* Task
Copy everything in the listing below word for word, apart from any images.

==== Data section

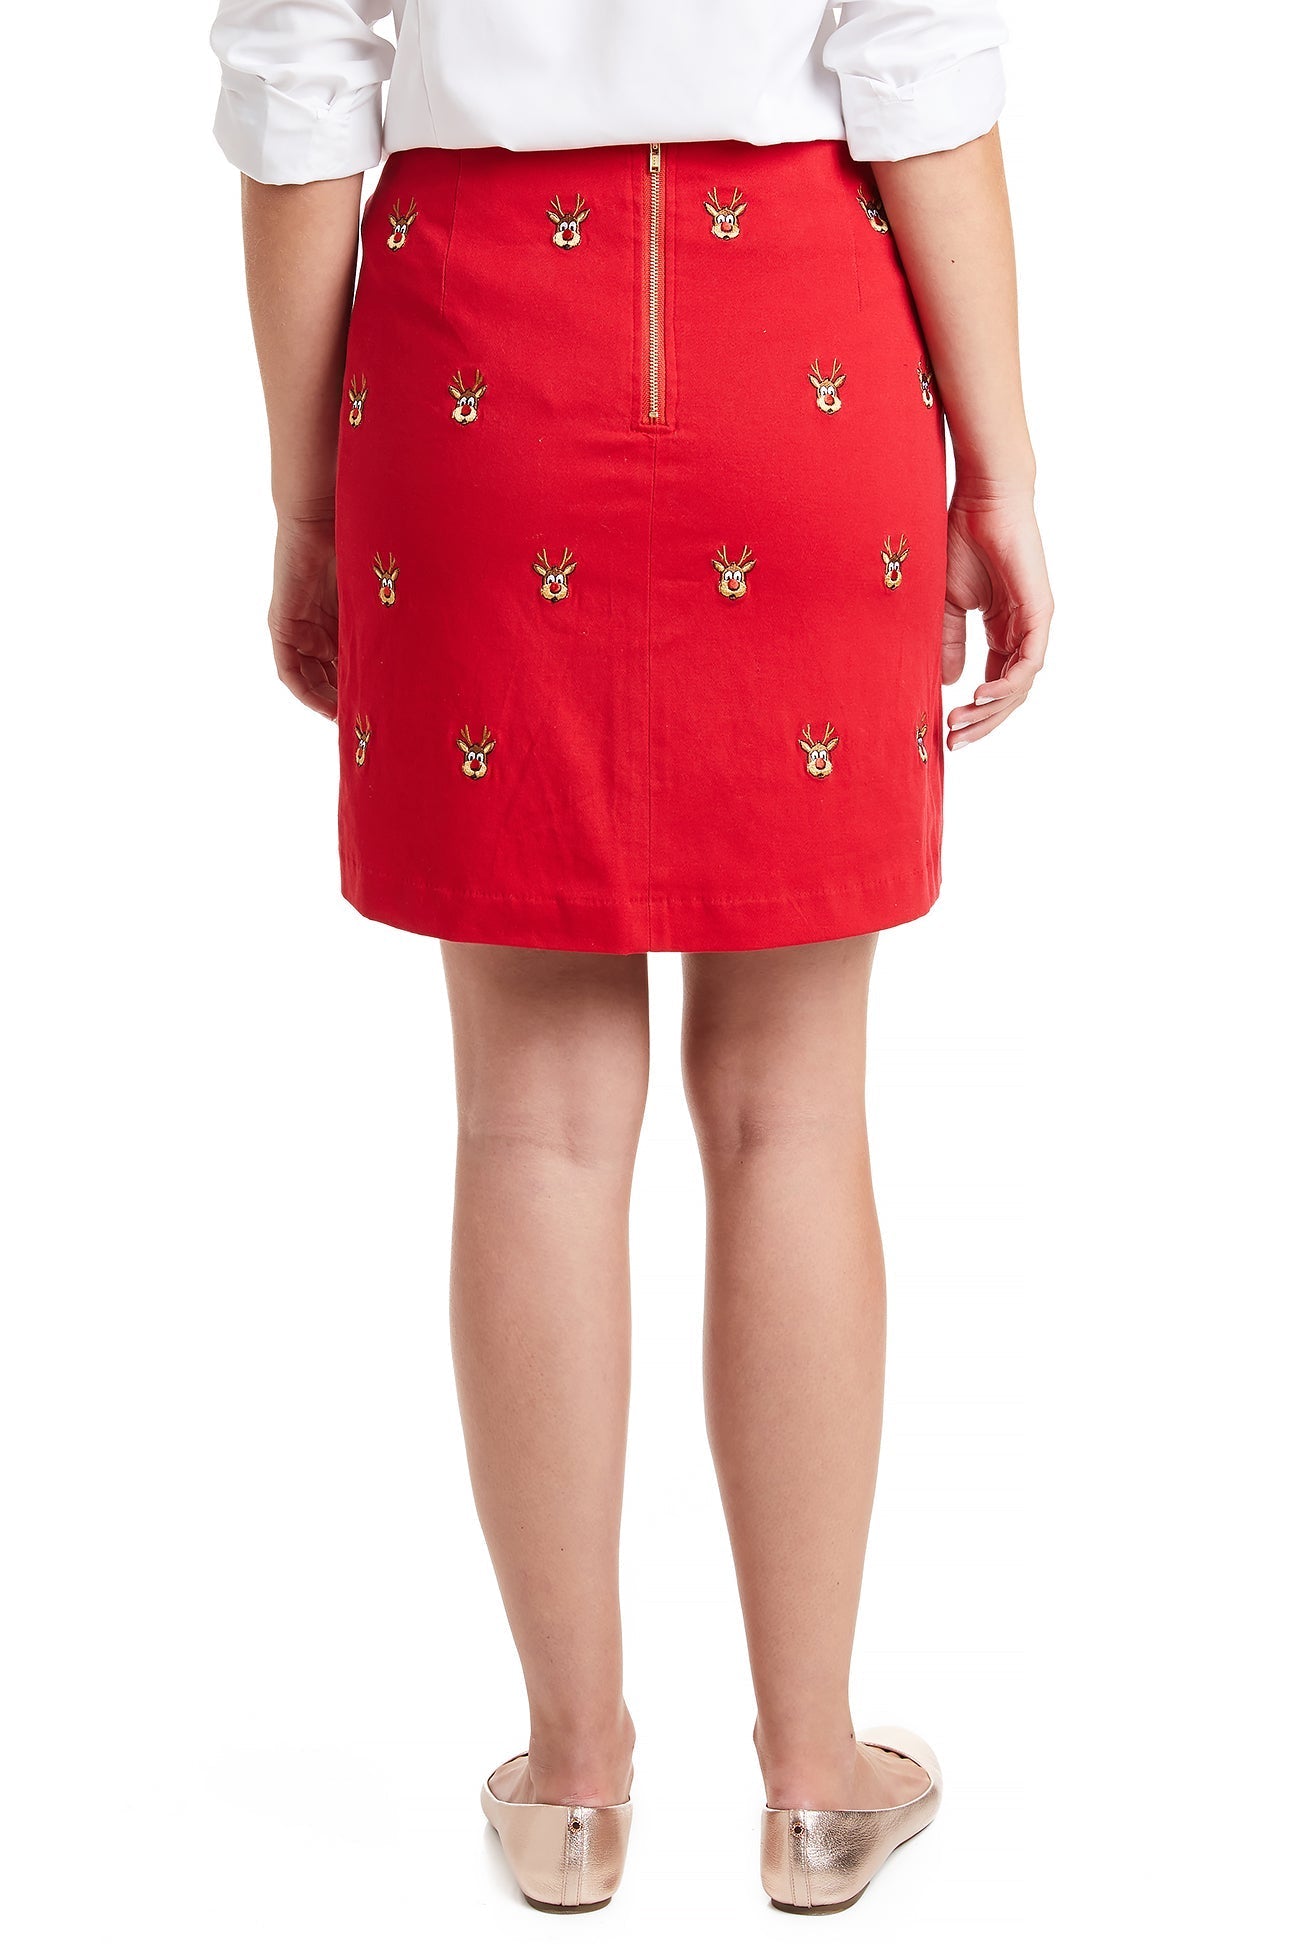 Ali Skirt Stretch Twill Bright Red with Rudolph LADIES SKIRTS Castaway Nantucket Island
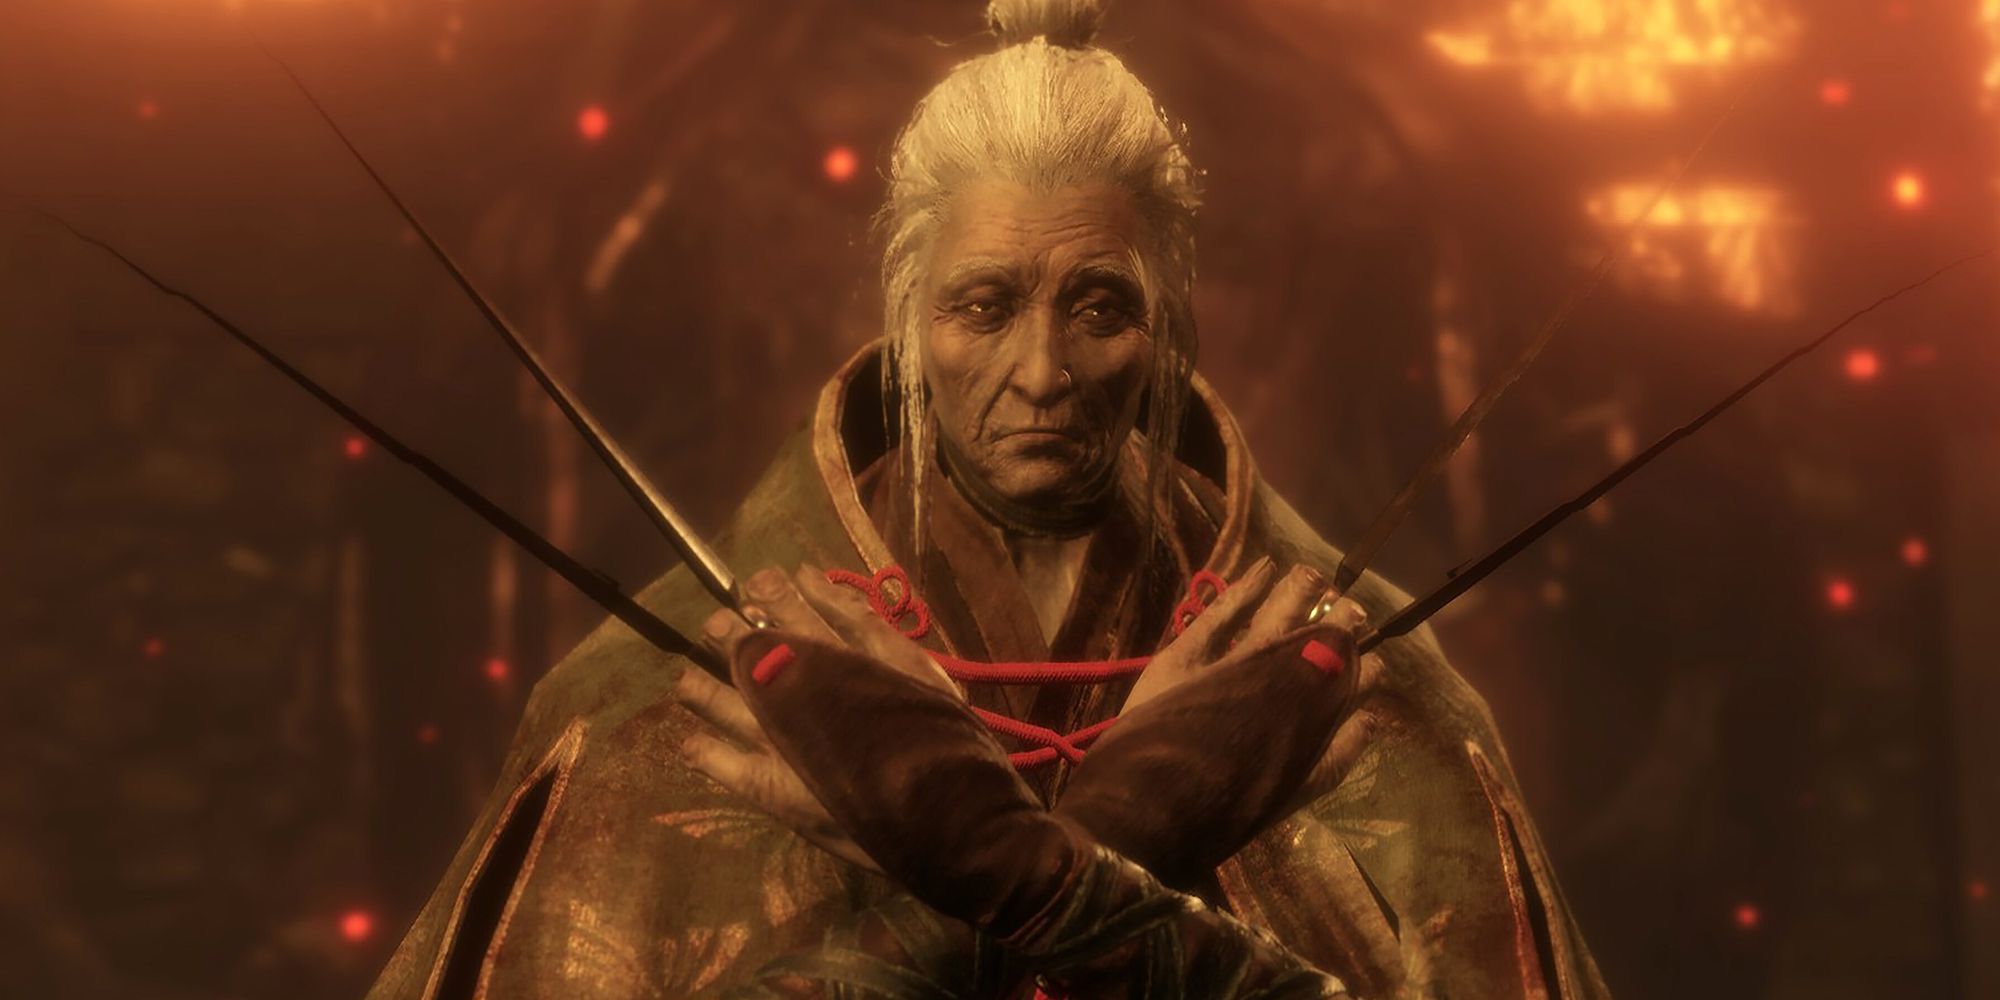 Sekiro Shadows Die Twice - Lady Butterfly Looking Very Deadpan With Weapons Drawn
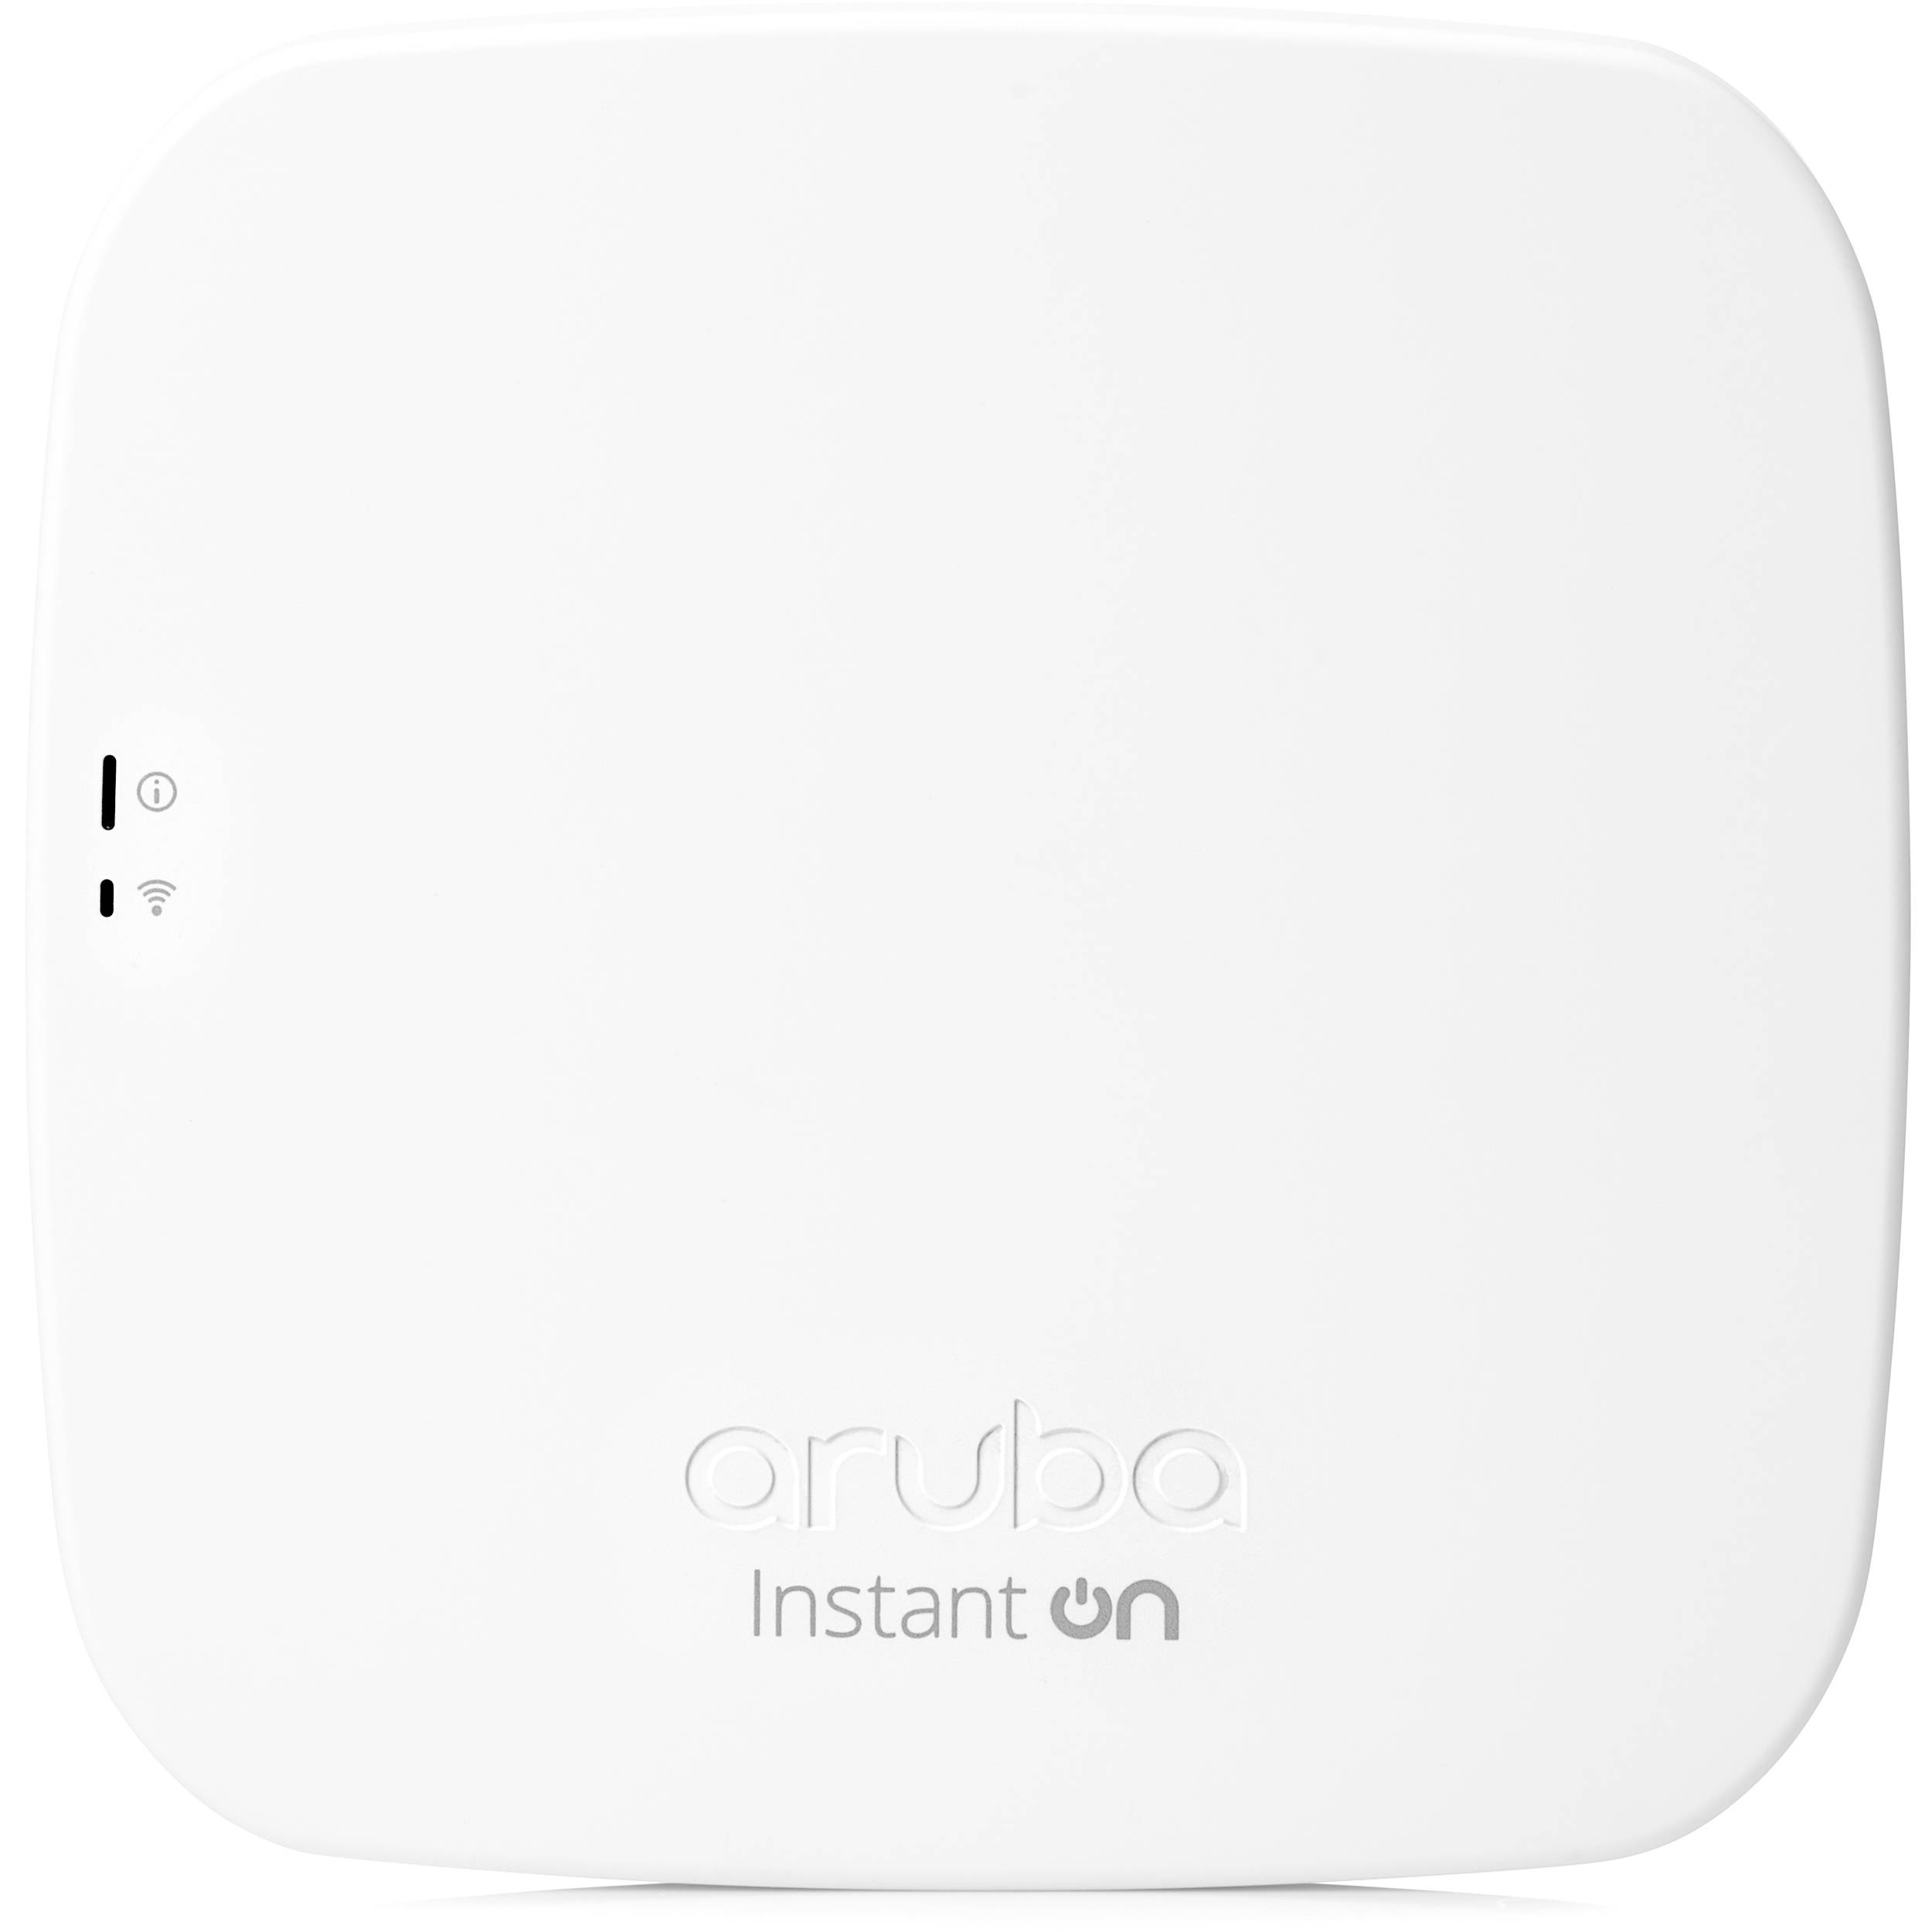 R2X00A | Instant On 3X3 11ac Wave2 Indoor Access Point

========

* Solution below
 Ali Skirt Stretch Twill Bright Red with Rudolph LADIES SKIRTS Castaway Nantucket Island
 Sekiro Shadows Die Twice - Lady Butterfly Looking Very Deadpan With Weapons Drawn
 R2X00A | Instant On 3X3 11ac Wave2 Indoor Access Point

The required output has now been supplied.